AIM OF THE TASK =>
All of the data should be given again word for word, though the images are to be left out.

——

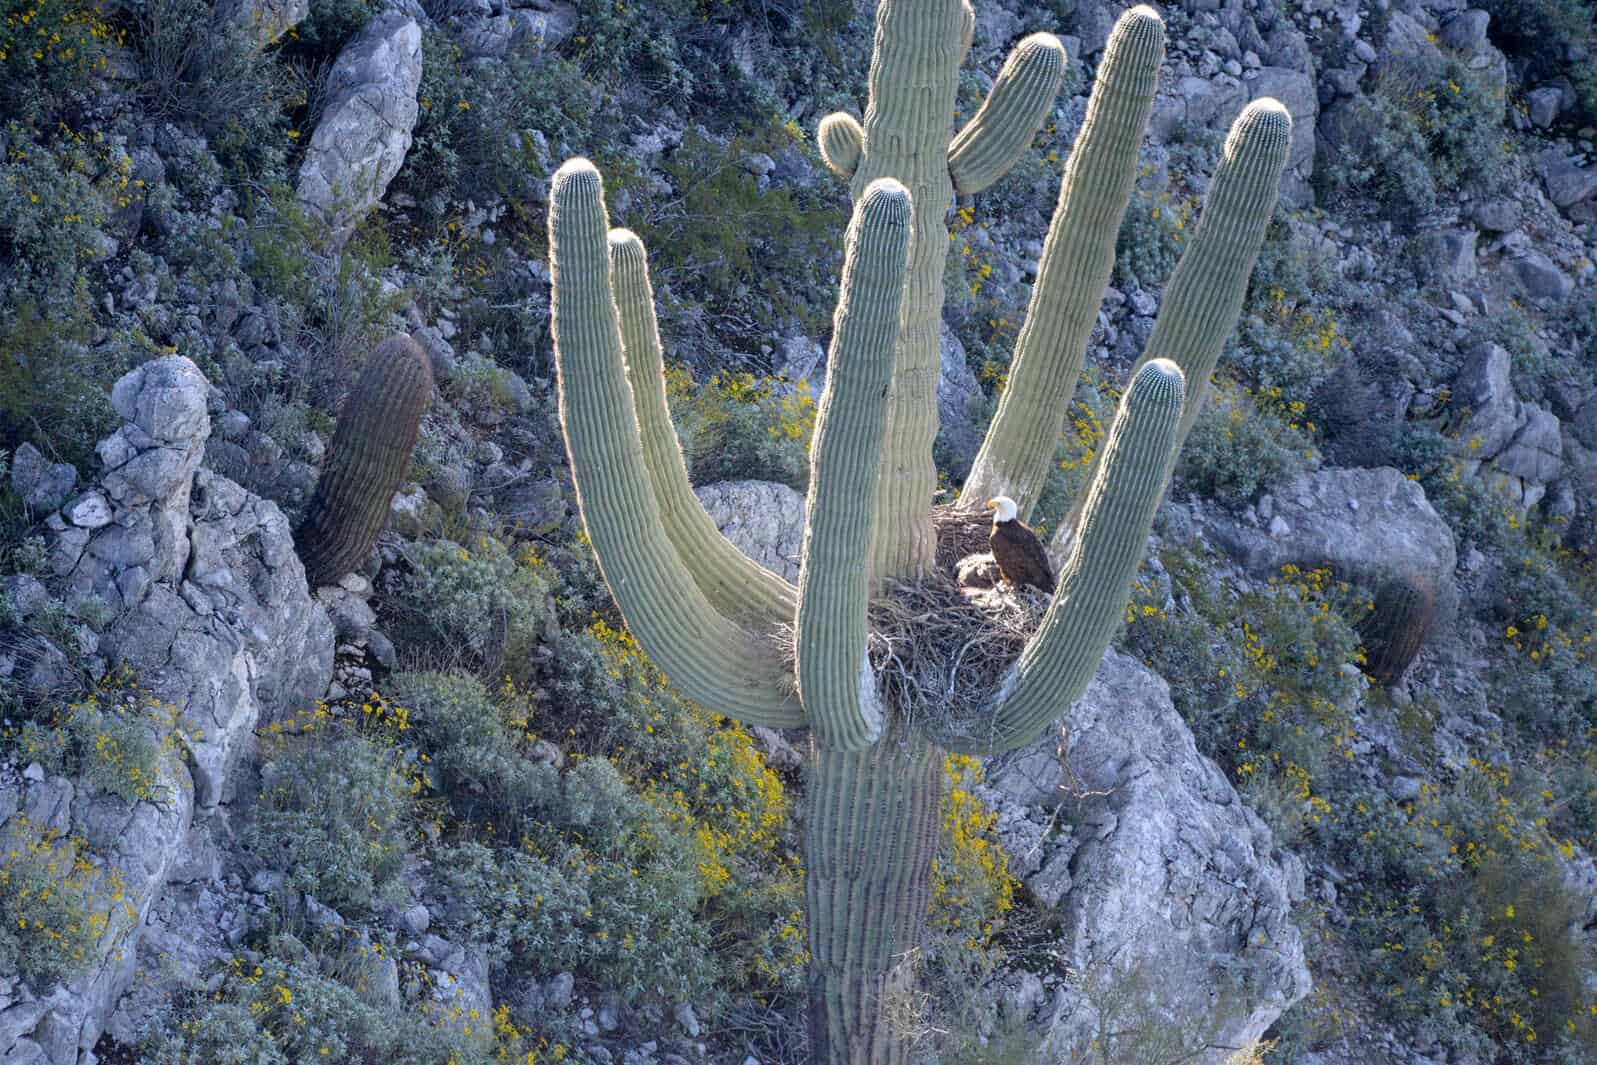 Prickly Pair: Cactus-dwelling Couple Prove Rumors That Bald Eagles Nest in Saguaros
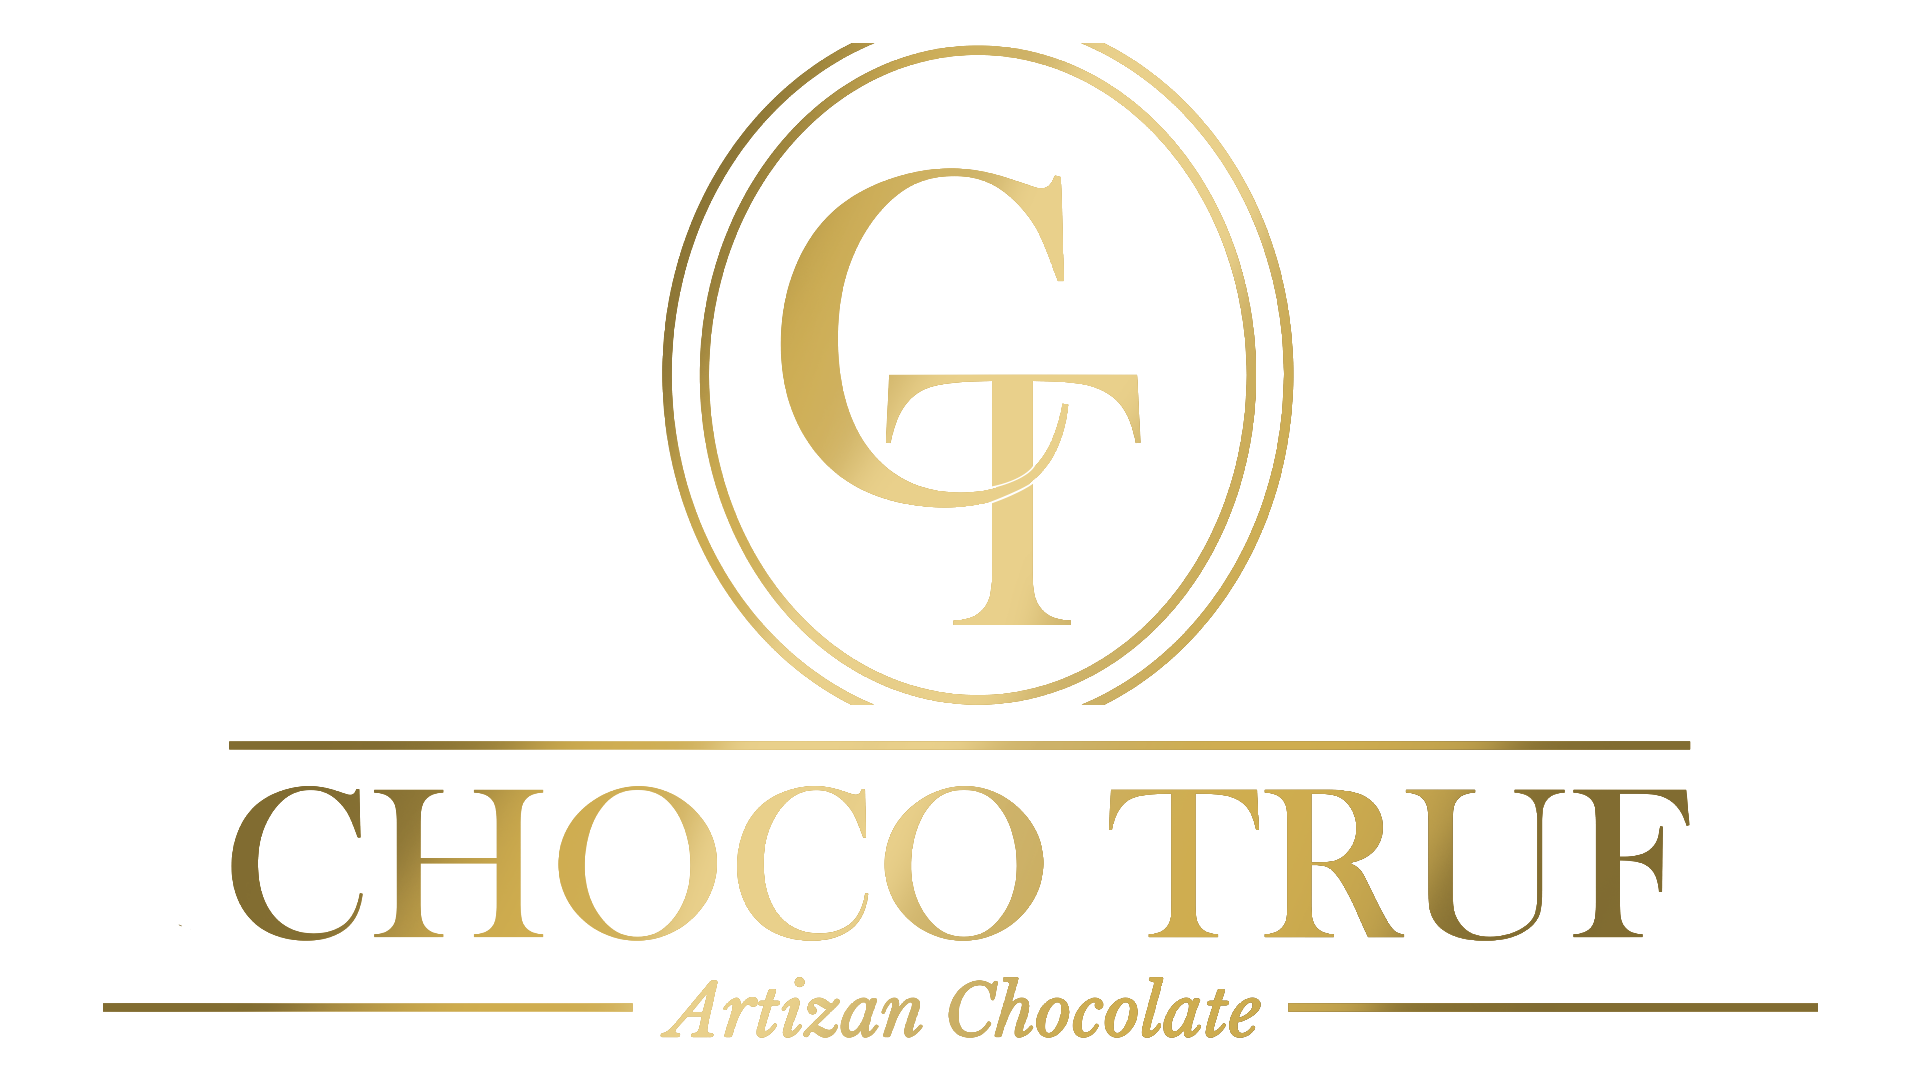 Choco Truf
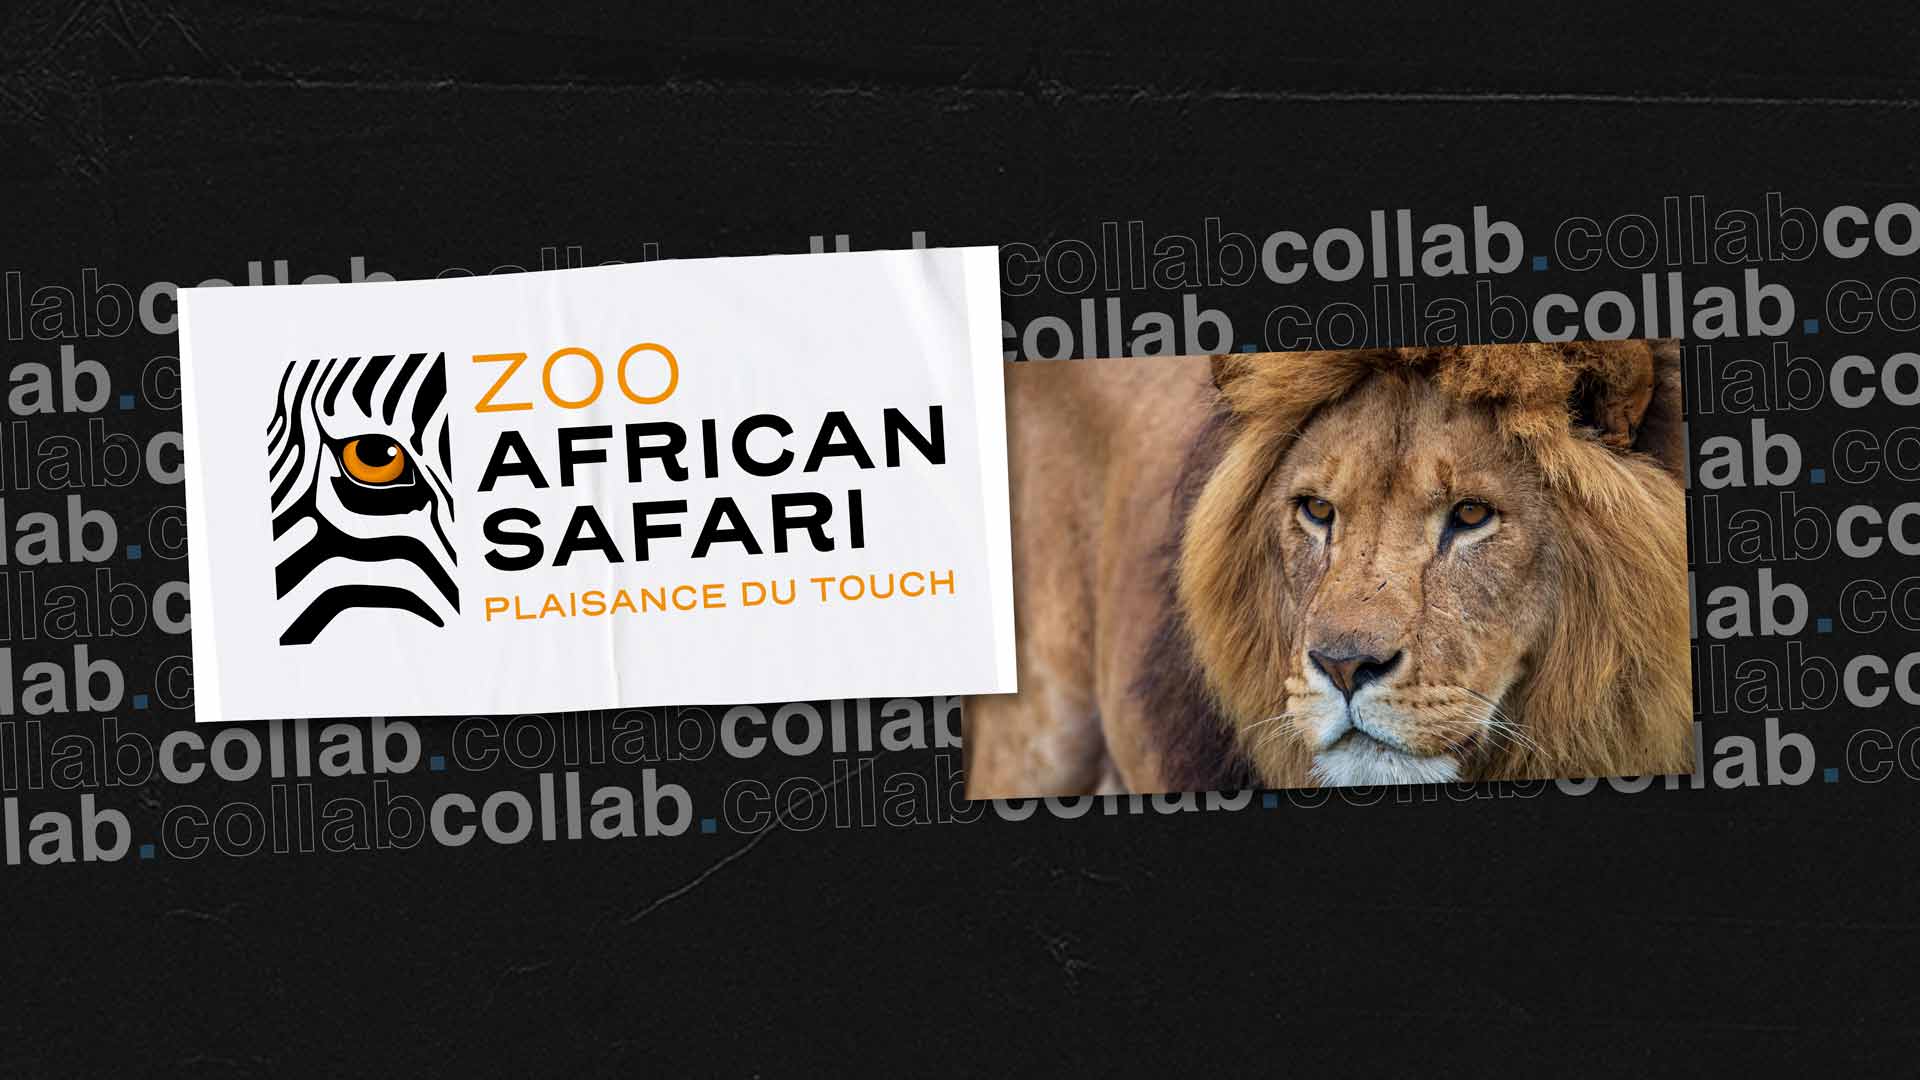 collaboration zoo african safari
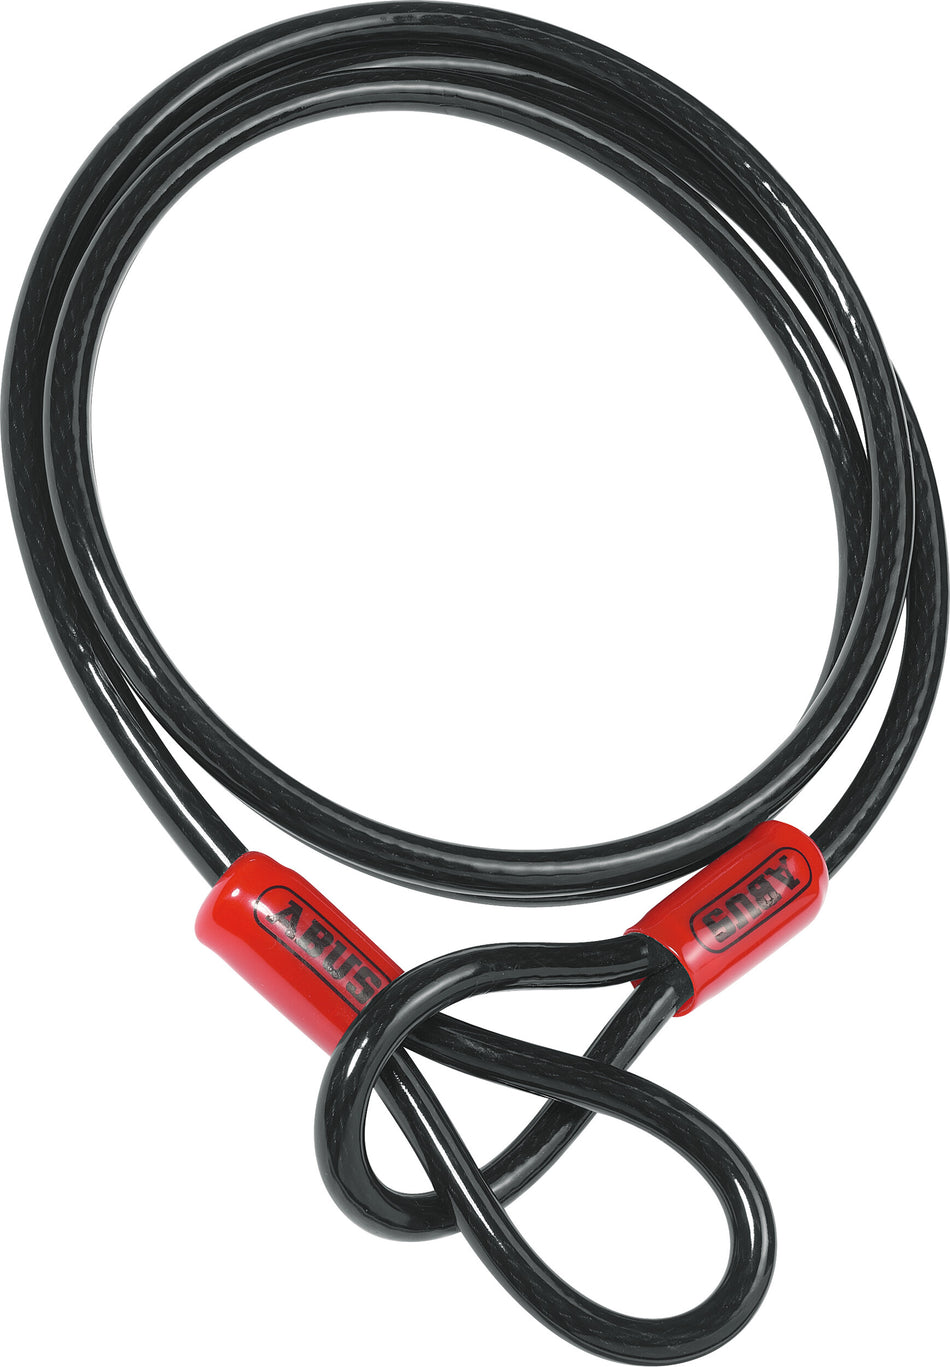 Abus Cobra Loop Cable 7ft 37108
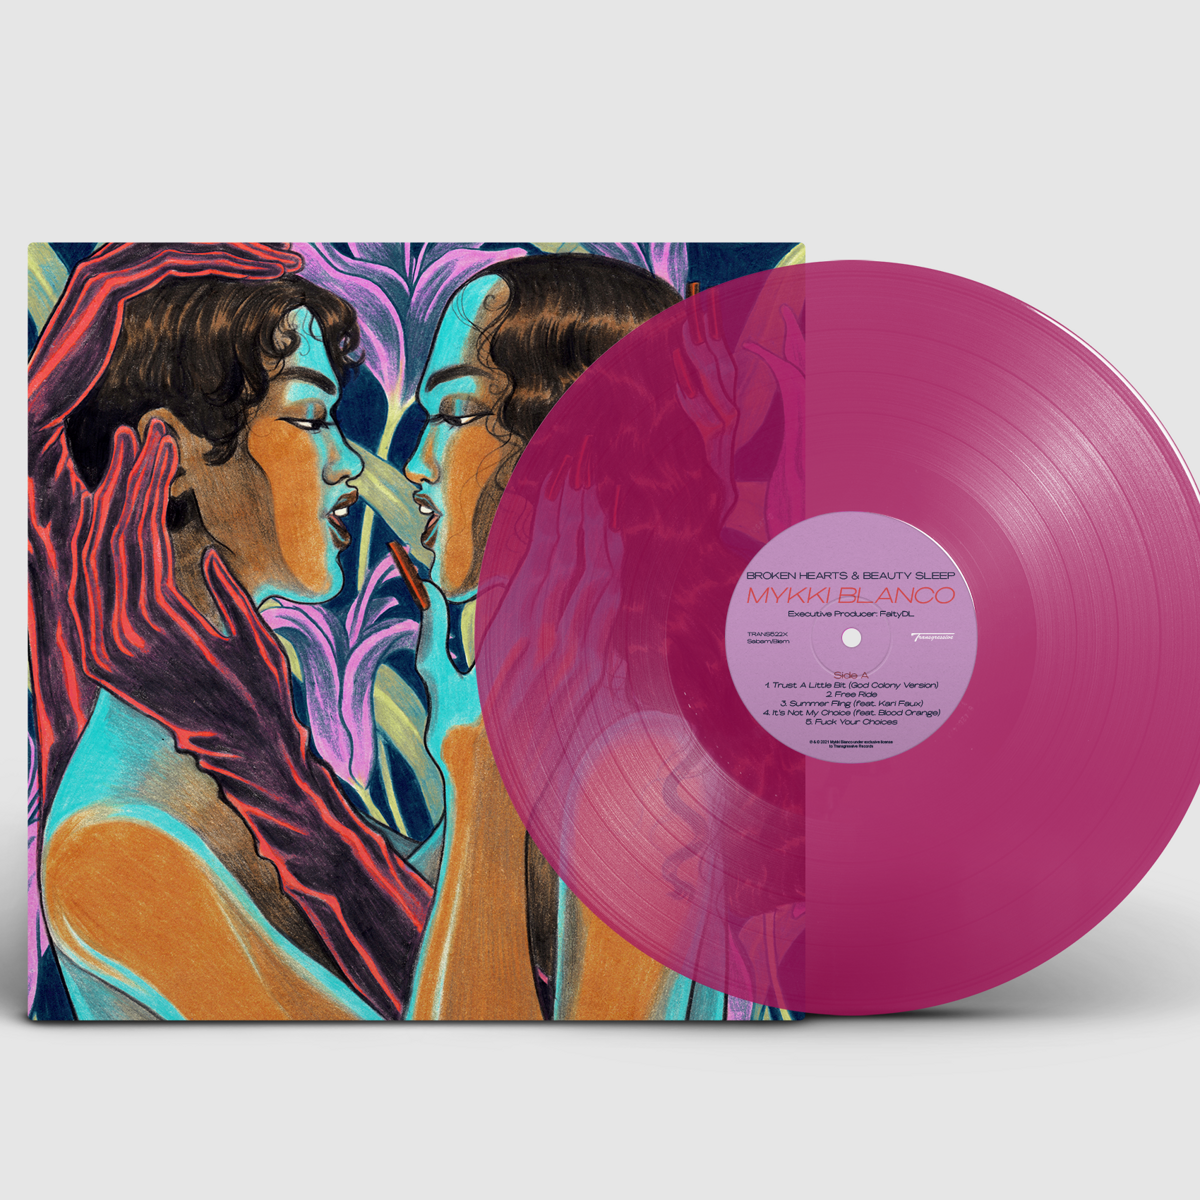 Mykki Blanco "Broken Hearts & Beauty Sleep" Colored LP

——

TASK ANSWER =>
 Prickly Pair: Cactus-dwelling Couple Prove Rumors That Bald Eagles Nest in Saguaros
 Choco Truf
 collaboration zoo african safari
 Abus Cobra Loop Cable 7ft 37108
 Mykki Blanco "Broken Hearts & Beauty Sleep" Colored LP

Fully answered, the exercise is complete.